Корову вытаскивали до самого утра. Не выдержала гнилая крыша погреба забредшую соседскую корову.

Когда рассвело, Сероштанов увидел то, что когда-то называлось погребом. Это была воронка после бомбёжки. Корову, говорят, тут же прирезали из-за сломанной ноги, а Григорий целый день ковырялся в яме в надежде найти маленький пенал с долларами. Не нашел. Он даже просеивал землю через панцирную сетку кровати – не нашел. Он три дня копался в земле, словно червь, но желаемого не обнаружилось. Возможно, скромных размеров пенал застрял между копытом коровы, а потом где-то и выпал, или хозяева скотины обнаружили его, да и возрадовались – будет им компенсация… возможно…

Только с тех пор не стало видно Григория в том селе. Никто не знает, куда он исчез. Может он пошел к своей старой жене на поклон, так сказать, может к молодой и красивой кассирше сбербанка, но навряд ли – зачем он ей без денег. Только ночами кое-кто видел, говорят, темную фигуру с фонариком у заброшенного бывшего погреба Сероштанова: то ли он сам всё ещё ищет деньги, чтобы вложить их всё-таки в прибыльное дело, как и советовал Бенджамин, то ли это случайные люди ковырялись в земле прослышавшие о тайном кладе Сероштанова Григория Ивановича.

ЗАПАХ СОЛНЦА

Нам завяжут глаза, чтобы мы не поранились светом

И поднимут в клети в странный мир, где одна тишина.

А потом мы умрём опьяненные радостным ветром…

…Нам закроют глаза…

Сергей Вишняков


Я, взяв за правило о каждодневном выгуле собственного тела по набережной речки Сырой, направился, как всегда, к излюбленному месту, где покоился огромный валун в виде конской головы. Там уже кто-то был. Этот кто-то, к моему удивлению, представлял собой нездешнего старика, с длинным седым волосом на голове, страшно худого с вытянутым морщинистым лицом и блёклыми навыкат глазами. Я прошел мимо, с удивлением поглядывая на незнакомца. Тот сидел неподвижно в сгорбившейся позе падшего ангела, и моё присутствие, похоже, никоим образом не волновало его. Мне нравилось бывать именно у этого камня, совершая свой вечерний моцион (думалось легче о нашей бренной жизни), и потому я стал буквально сновать челноком у его носа, пытаясь таким образом выразить своё недовольство к новоявленной персоне.
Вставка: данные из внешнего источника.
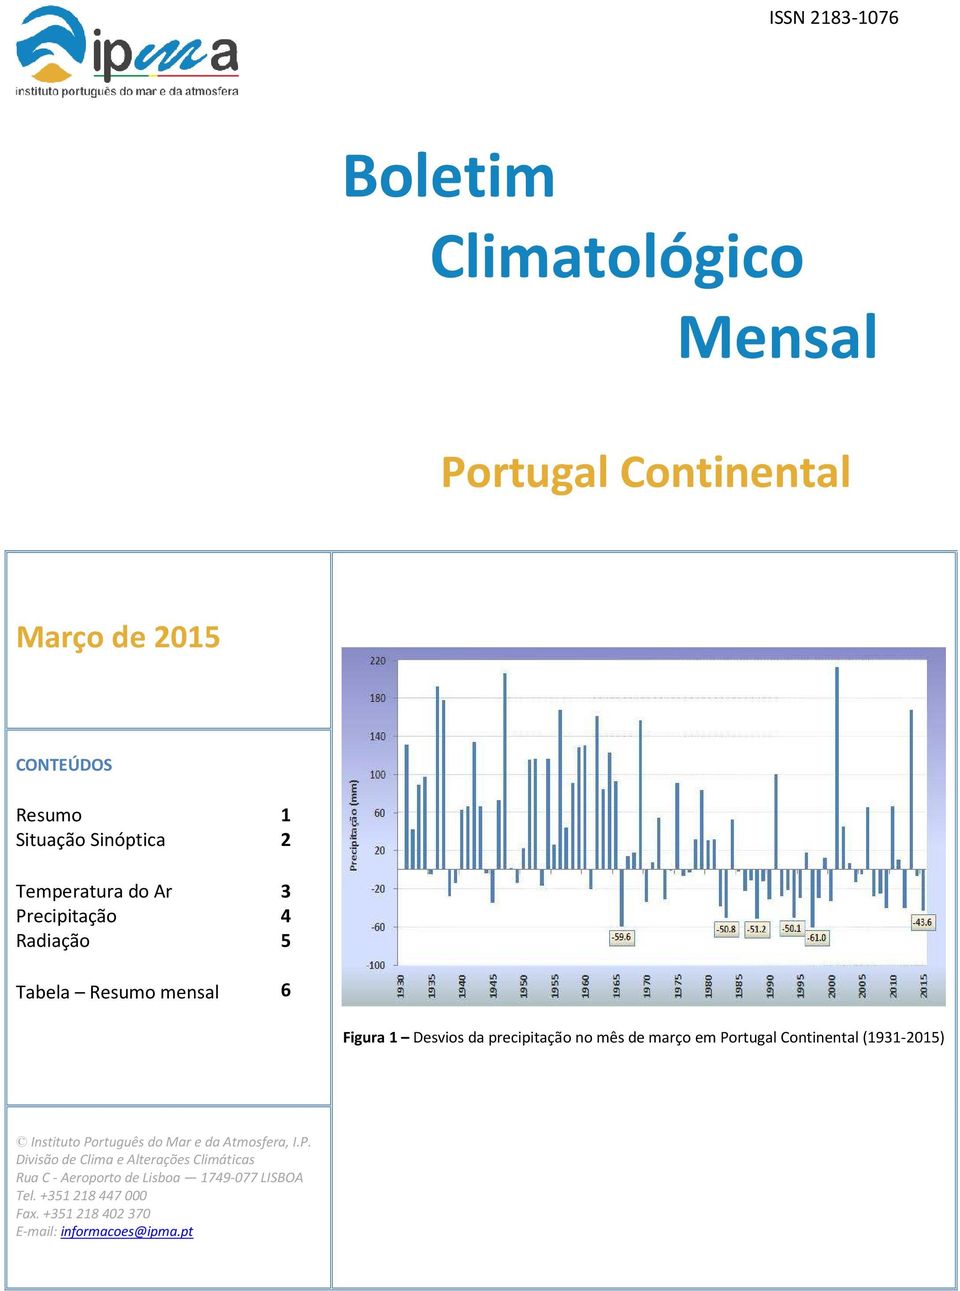 março em Portugal Continental (1931-2015) Instituto Português do Mar e da Atmosfera, I.P. Divisão de Clima e Alterações Climáticas Rua C - Aeroporto de Lisboa 1749-077 LISBOA Tel.
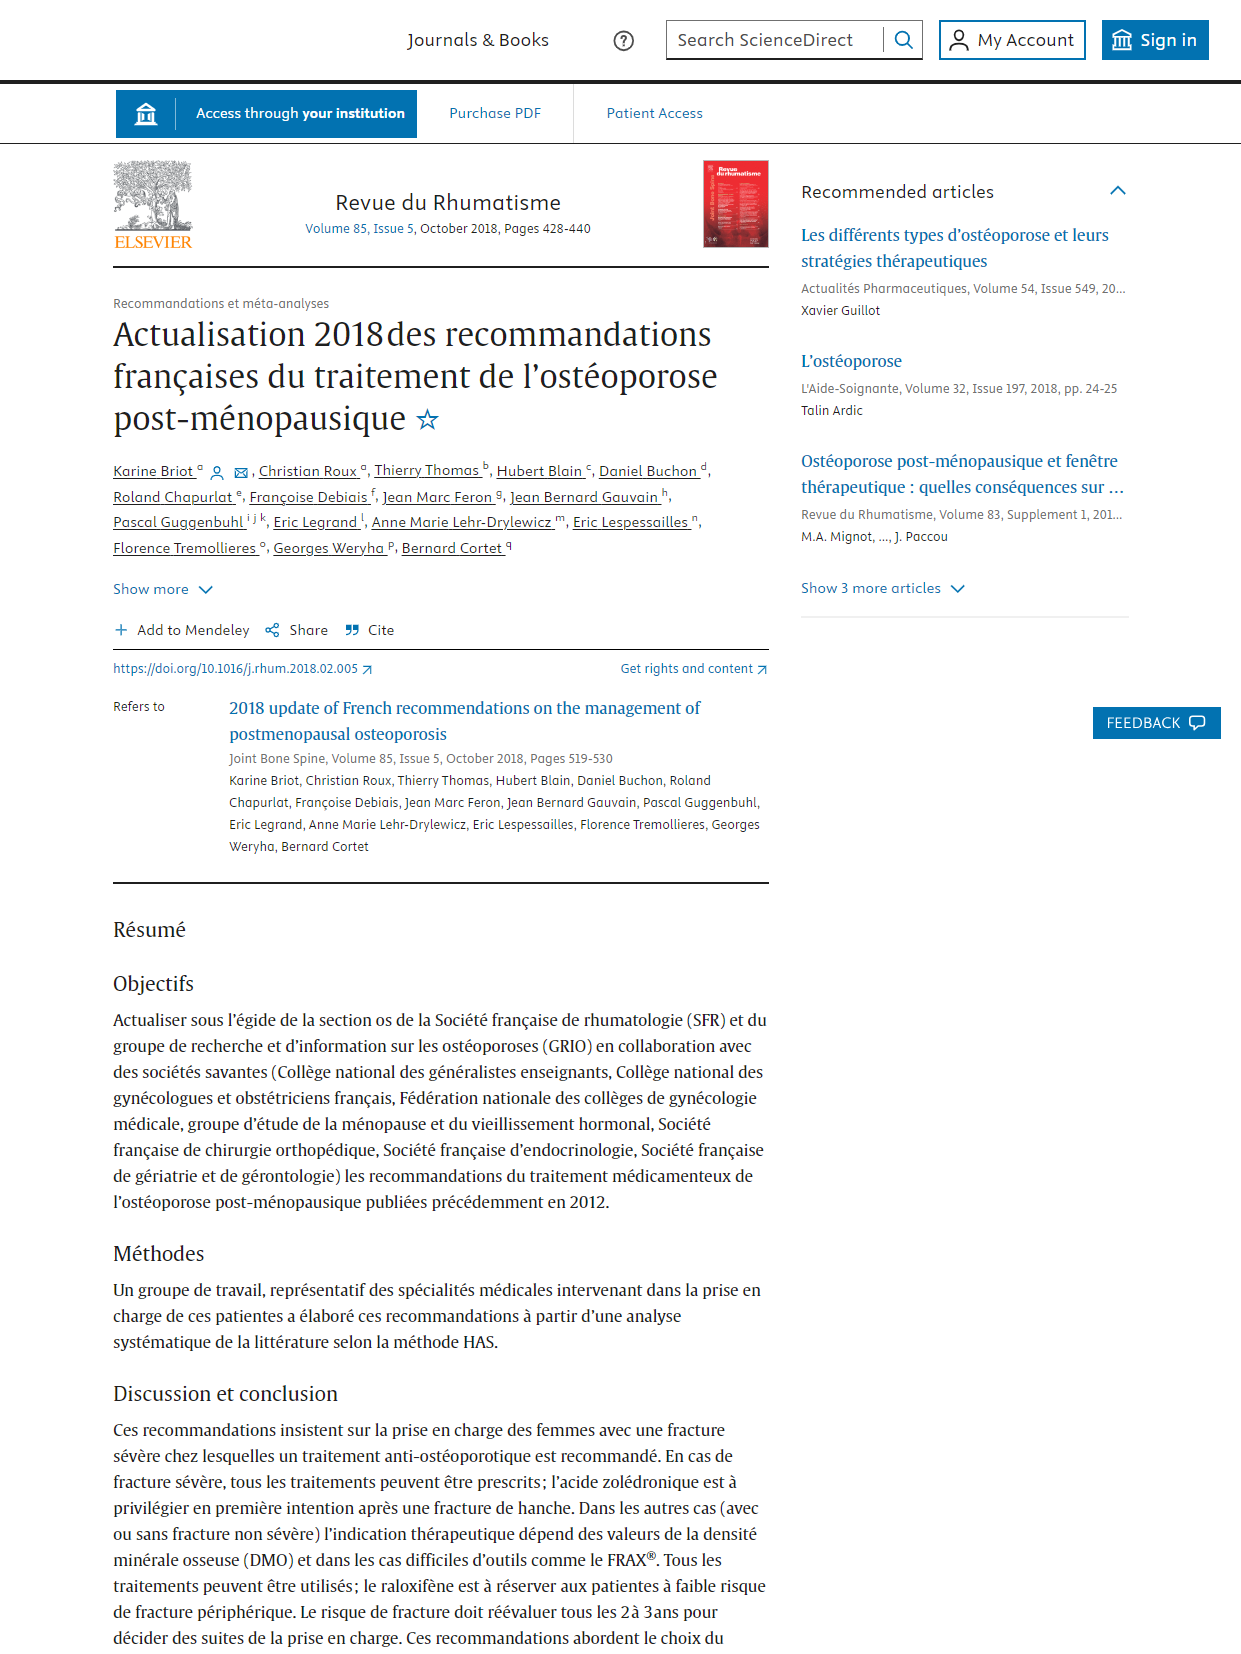 Actualisation 2018 des recommandations françaises du traitement de l’ostéoporose post-ménopausique (SFR 2018)

Человек по природе эгоистичен: я считал – этот камень, у которого я постоянно расхаживал в часы душевных смут, принадлежит только мне. Только для меня он являлся некоей отдушиной, наконец – исповедальней, от которого шла успокоительная аура, приводящая мои расстроенные чувства в относительное равновесие. Мне это единение казалось странным, как и то, когда часами смотришь на вечерний закат солнца или безбрежное пространство водной глади. Возможно, причина этого родства кроется в глубинах нашего подсознания, когда человек представлял собой только жалкое подобие разумного существа, зарождаясь из хаоса вселенной, тогда, скорее всего, и язык общения был один у деревьев, камней, воды… у всего остального.

Старик не обращал на меня никакого внимания, продолжая сидеть в той же позе, а когда я остановился буквально у его носа, пристально вглядываясь в не моргающий пространный взгляд, то так же не удосужился внимания к себе. Он, казалось, сам был камнем и меня от этой мысли, на некоторое время, охватил испуг, но когда тот пошевелил дряблыми большими губами, обнажив редкие желтоватые зубы, я, успокоившись, решил заговорить с ним.

– Извините за любопытство, я вас впервые вижу, тем более в таком странном месте, где кроме меня практически никто не бывает. Вы, не местный, как я вижу?

Старик шумно вздохнул и на мой вопрос только сильнее поджал под себя длинные ноги, обхватив их жилистыми руками. Он слегка задрожал всем телом, возможно от старческой немощи, возможно от холода, потому как его одеяние было абсолютно непригодным для этого времени года – оно было ветхим под стать самому владельцу гардероба.